А другой солдатский голос, незнакомый подпоручику, ответил равнодушно, вместе с продолжительным, ленивым зевком:
— Дела, братец ты мой… С жиру это все.
Ну, прощевай, что ли, Степан.
— Прощай, Баулин. Заходи когда.
Ромашов прилип к забору.
От острого стыда он покраснел, несмотря на темноту; все тело его покрылось сразу испариной, и точно тысячи иголок закололи его кожу на ногах и на спине.
«Конечно! Даже денщики смеются», — подумал он с отчаянием.

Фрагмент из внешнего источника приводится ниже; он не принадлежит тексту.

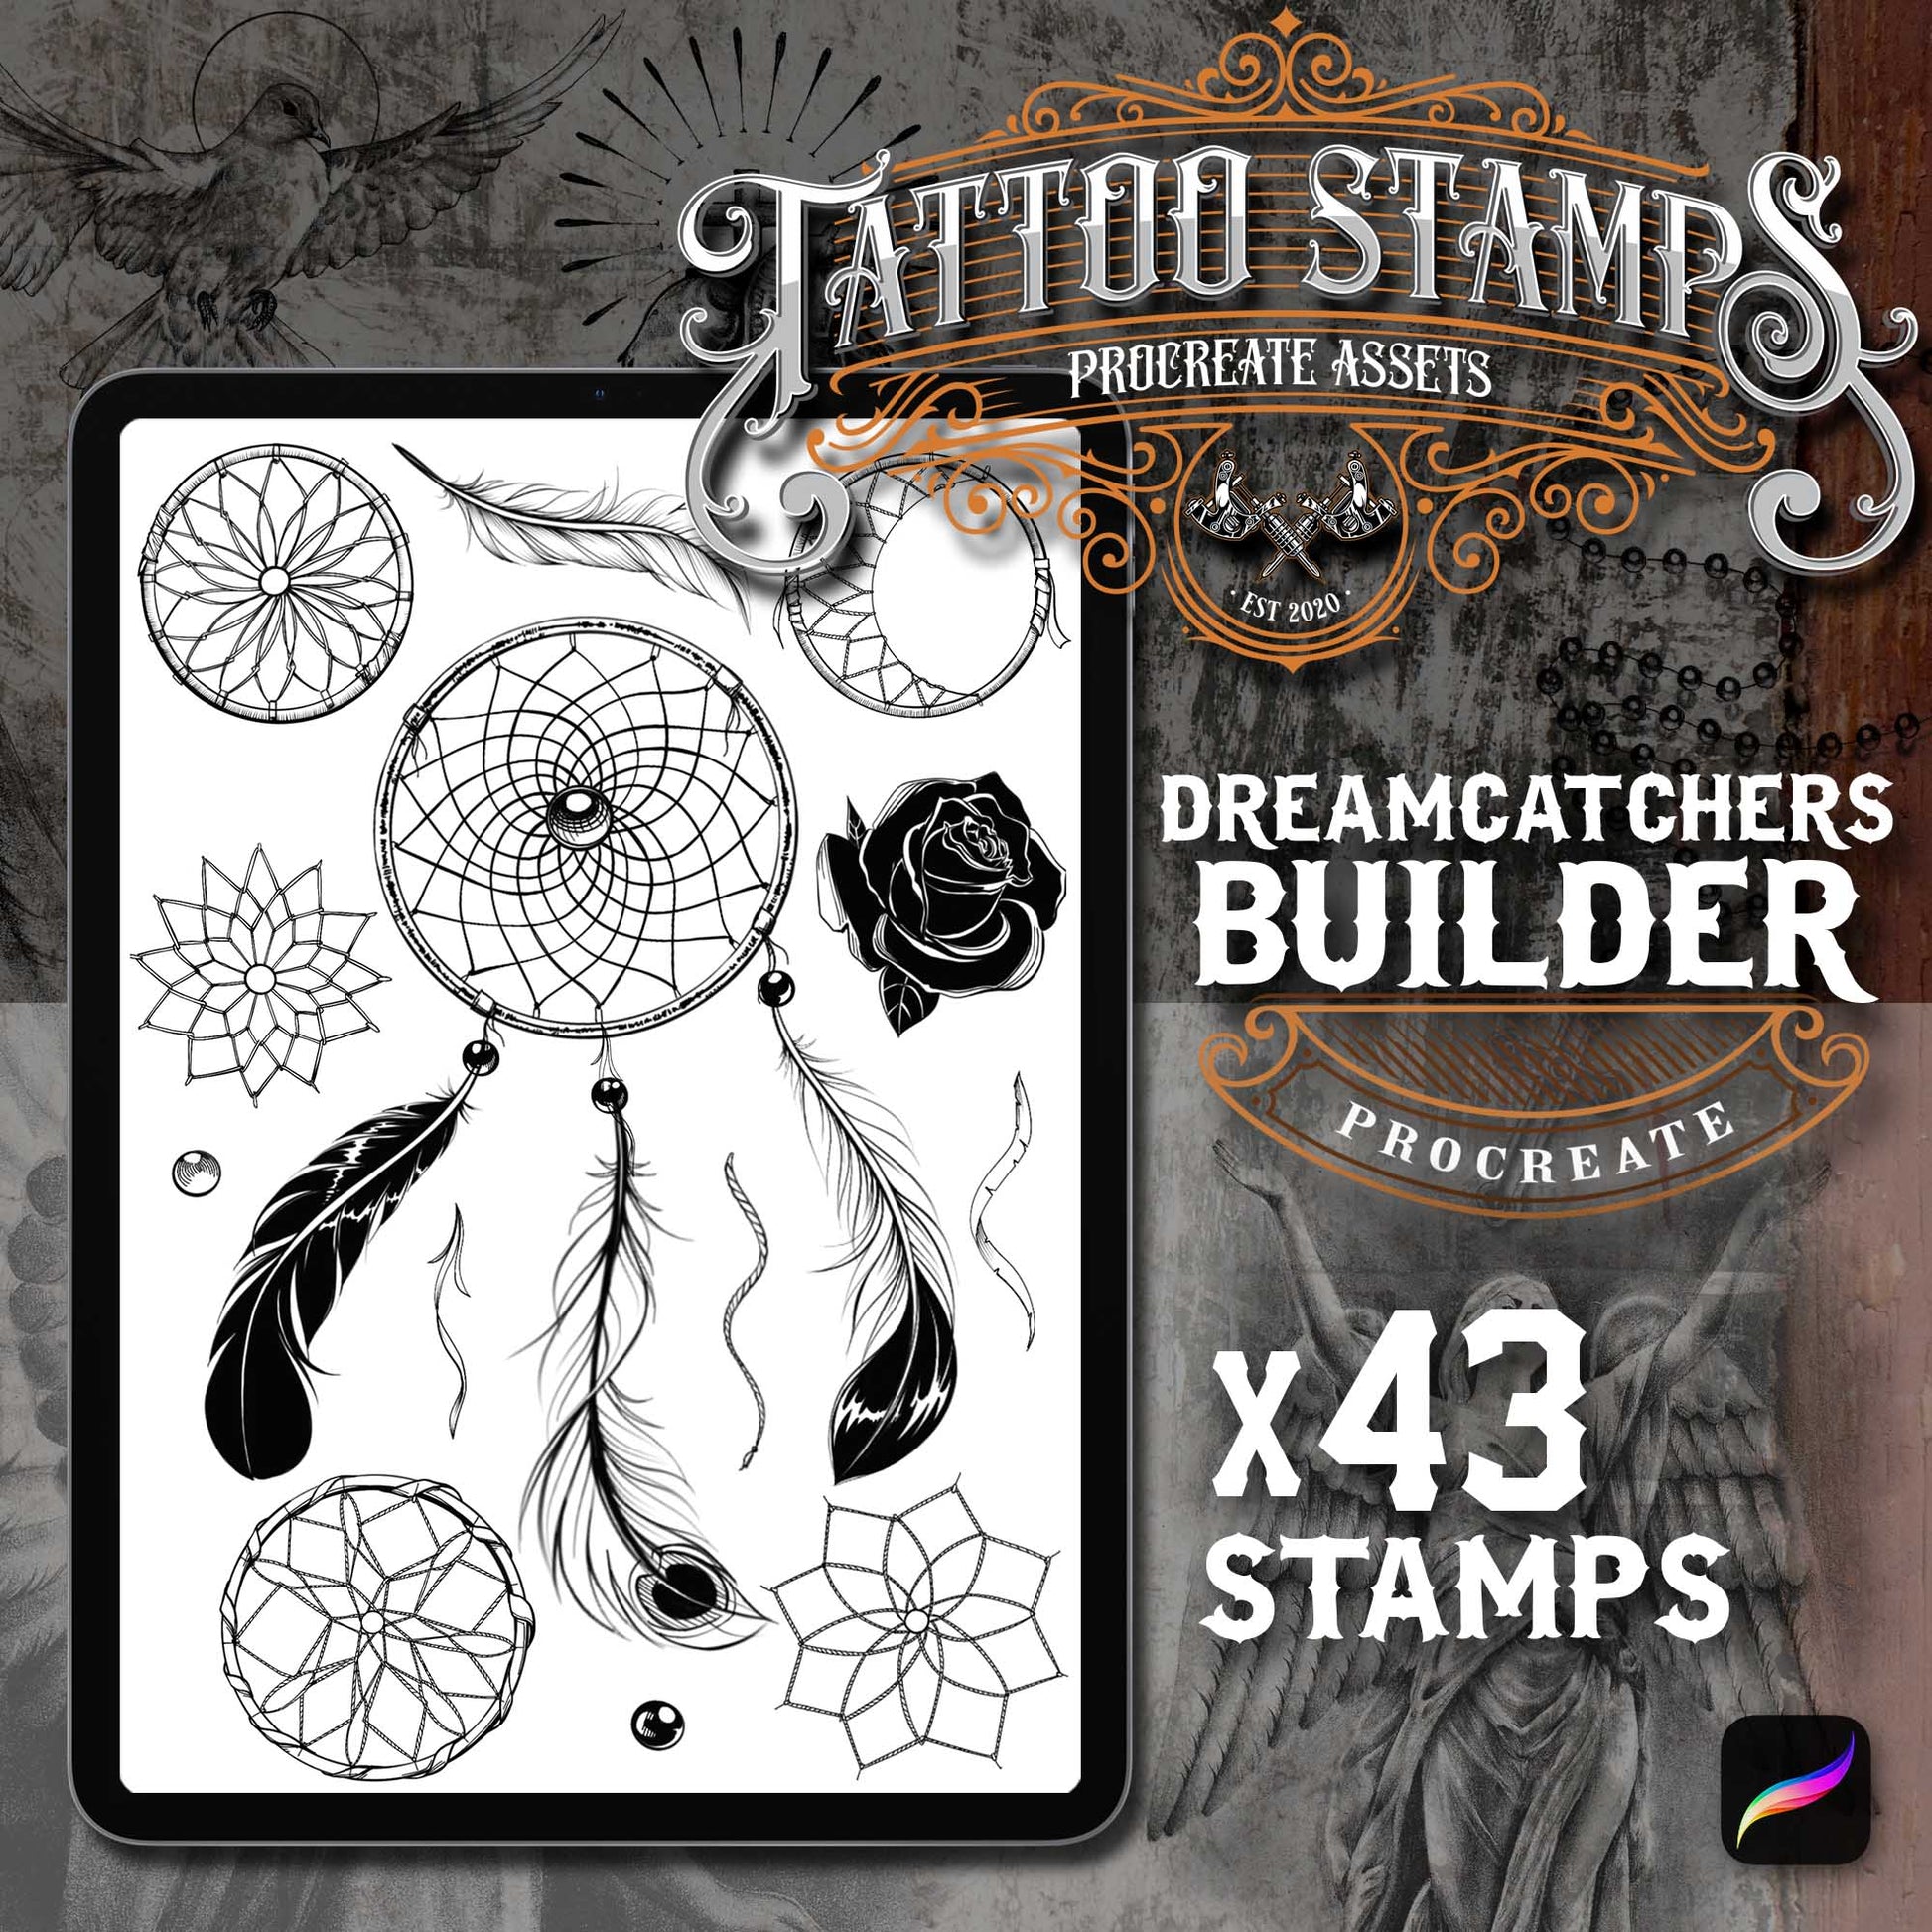 43 Realistic Dream Catcher Tattoo Procreate app for iPad & iPad pro  in the Master Pack by TattooStampsArt

Тотчас же ему припомнился весь сегодняшний вечер, и в разных словах, в тоне фраз, во взглядах, которыми обменивались хозяева, он сразу увидел много не замеченных им раньше мелочей, которые, как ему теперь казалось, свидетельствовали о небрежности и о насмешке, о нетерпеливом раздражении против надоедливого гостя.

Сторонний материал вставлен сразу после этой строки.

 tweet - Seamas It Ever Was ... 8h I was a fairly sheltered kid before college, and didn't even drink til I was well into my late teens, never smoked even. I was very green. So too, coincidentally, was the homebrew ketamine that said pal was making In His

— Какой позор, какой позор! — шептал подпоручик, не двигаясь с места.
— Дойти до того, что тебя едва терпят, когда ты приходишь… Нет, довольно. Теперь я уж твердо знаю, что довольно!
В гостиной у Николаевых потух огонь.
«Вот они уже в спальне», — подумал Ромашов и необыкновенно ясно представил себе, как Николаевы, ложась спать, раздеваются друг при друге с привычным равнодушием и бесстыдством давно женатых людей и говорят о нем.

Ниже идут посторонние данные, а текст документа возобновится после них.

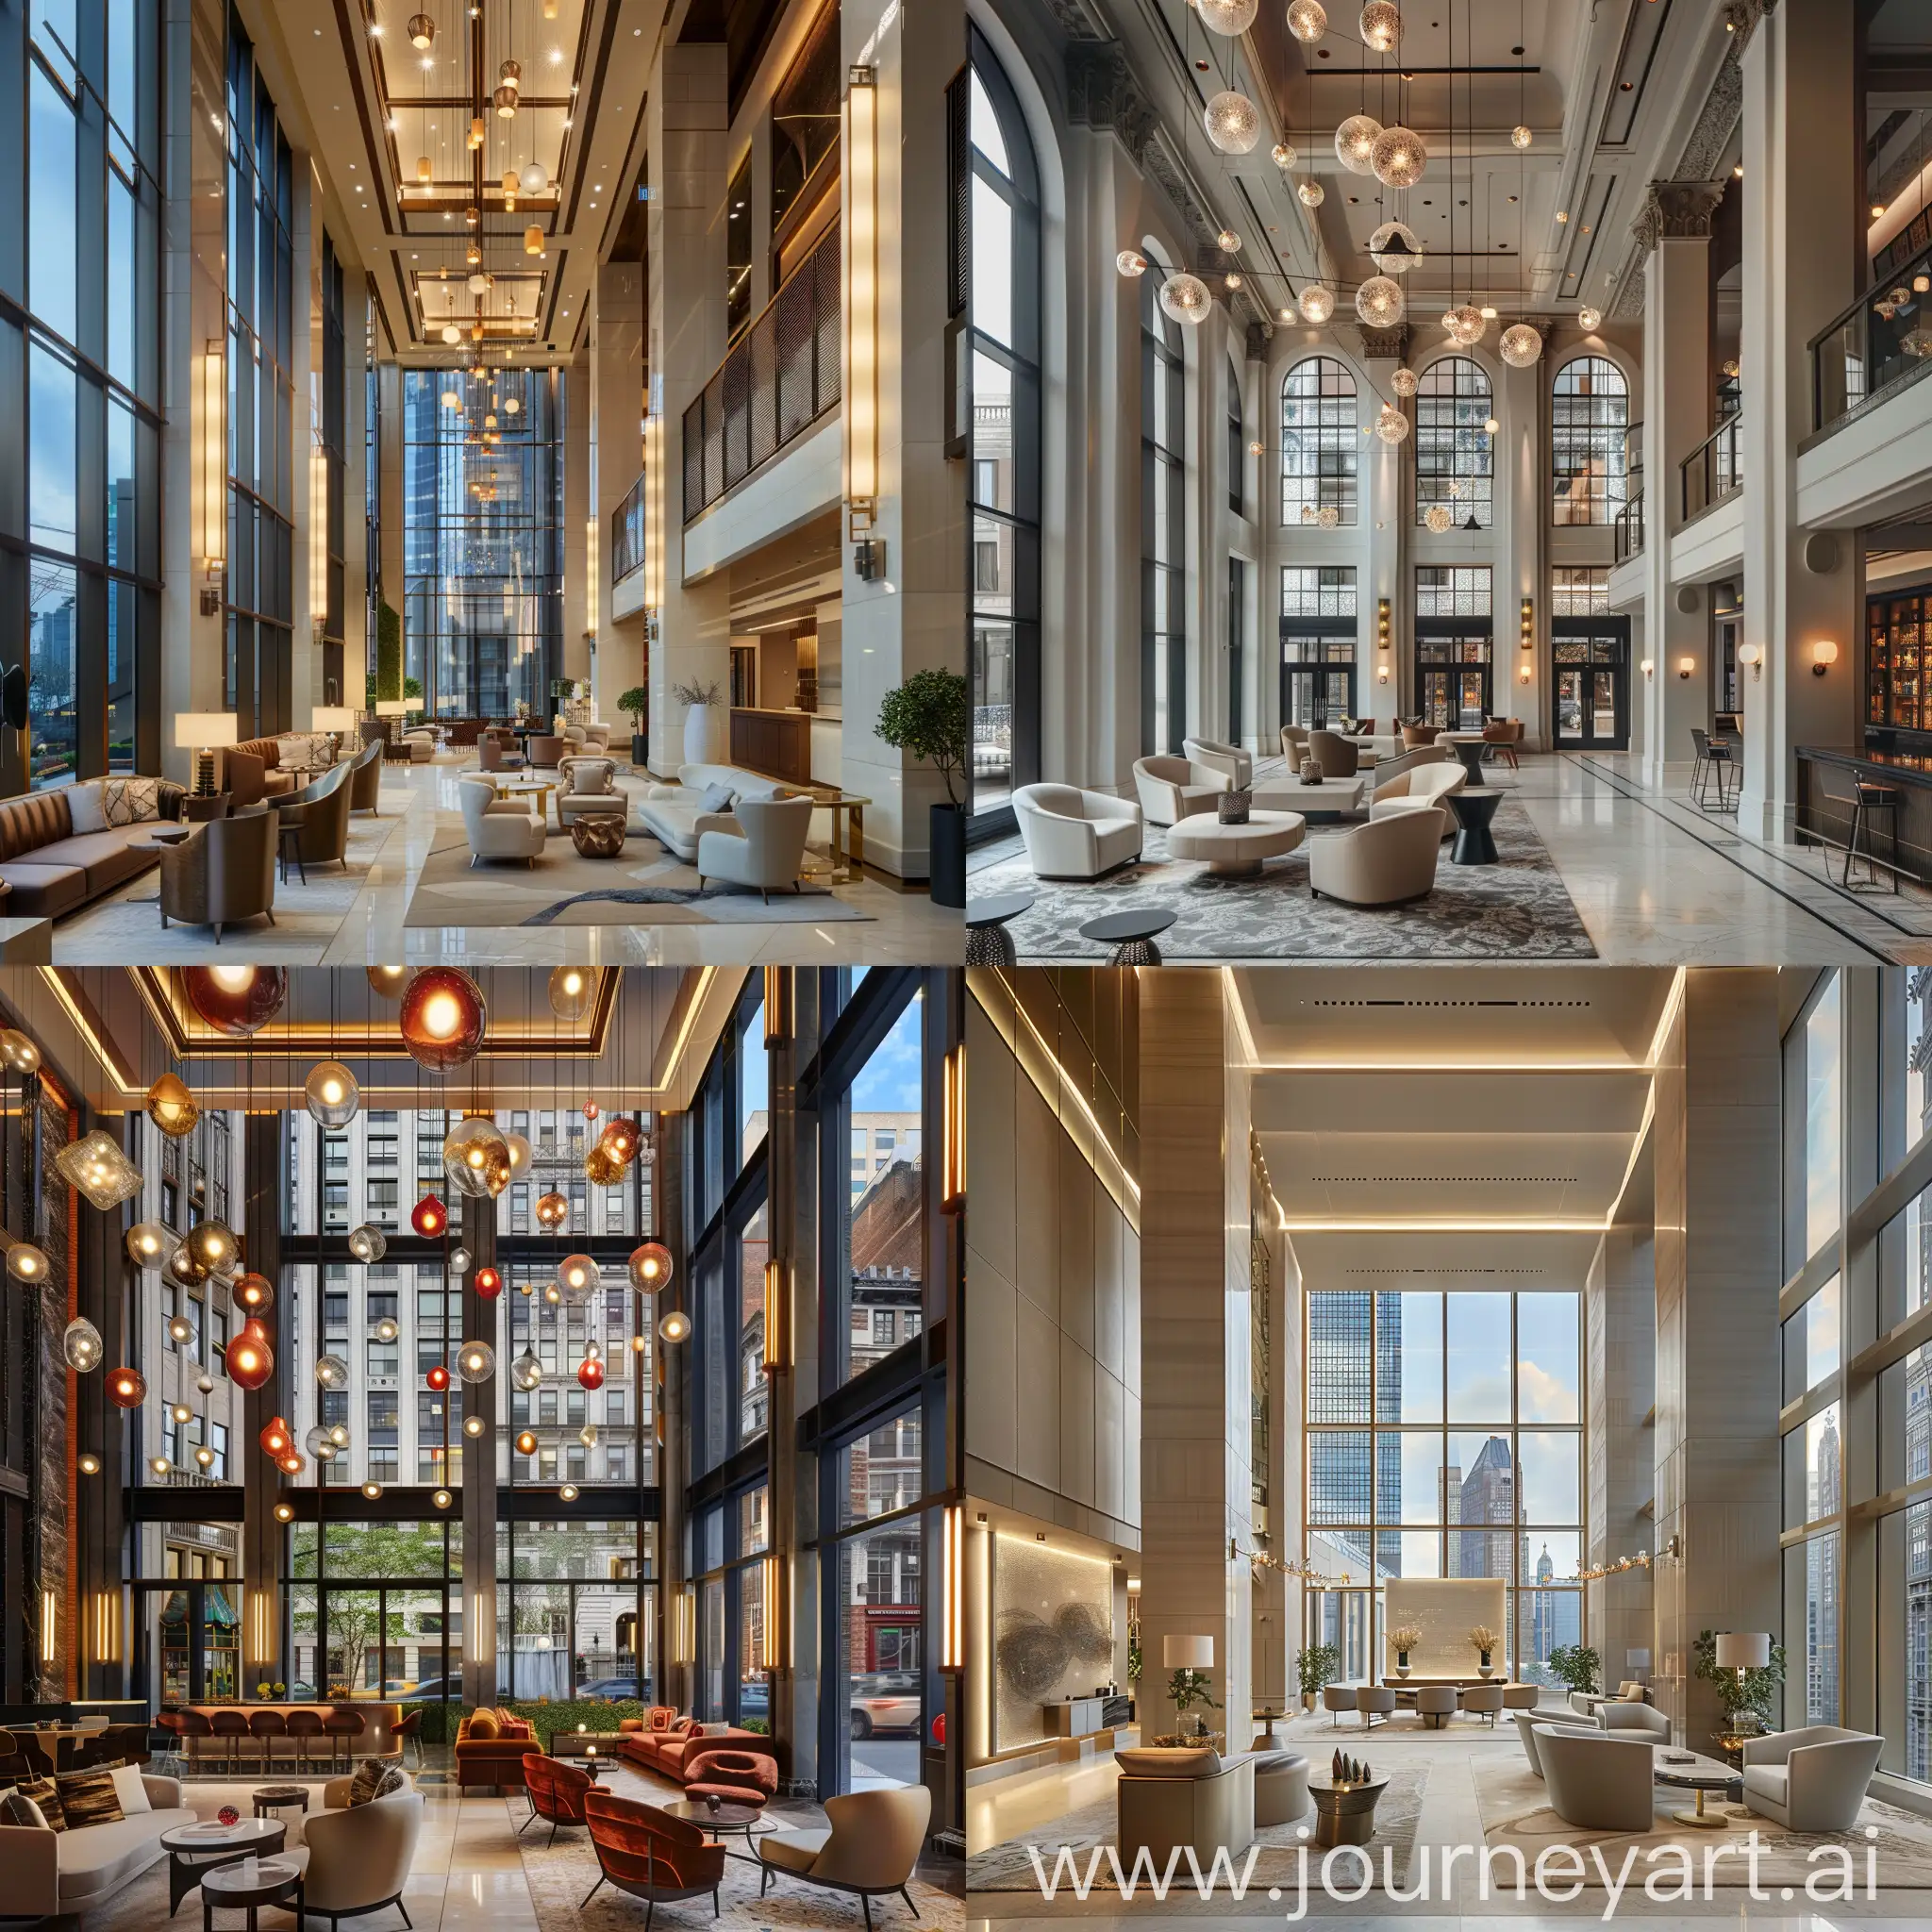 Luxurious-NeoCosmic-Hotel-Lobby-with-FloortoCeiling-Windows-and-Designer-French-Furniture

Она в одной юбке причесывает перед зеркалом на ночь волосы.
Владимир Ефимович сидит в нижнем белье на кровати, снимает сапог и, краснея от усилия, говорит сердито и сонно:
«Мне, знаешь, Шурочка, твой Ромашов надоел вот до каких пор.
Удивляюсь, чего ты с ним так возишься?»
А Шурочка, не выпуская изо рта шпилек и не оборачиваясь, отвечает ему в зеркало недовольным тоном:
«Вовсе он не мой, а твой!..»
Прошло еще пять минут, пока Ромашов, терзаемый этими мучительными и горькими мыслями, решился двинуться дальше.
Мимо всего длинного плетня, ограждавшего дом Николаевых, он прошел крадучись, осторожно вытаскивая ноги из грязи, как будто его могли услышать и поймать на чем-то нехорошем.
Домой идти ему не хотелось: даже было жутко и противно вспоминать о своей узкой и длинной, об одном окне, комнате со всеми надоевшими до отвращения предметами.
«Вот, назло ей, пойду к Назанскому, — решил он внезапно и сразу почувствовал в этом какое-то мстительное удовлетворение.
— Она выговаривала мне за дружбу с Назанским, так вот же назло! И пускай!..»
Подняв глаза к небу и крепко прижав руку к груди, он с жаром сказал про себя:
«Клянусь, клянусь, что я в последний раз приходил к ним.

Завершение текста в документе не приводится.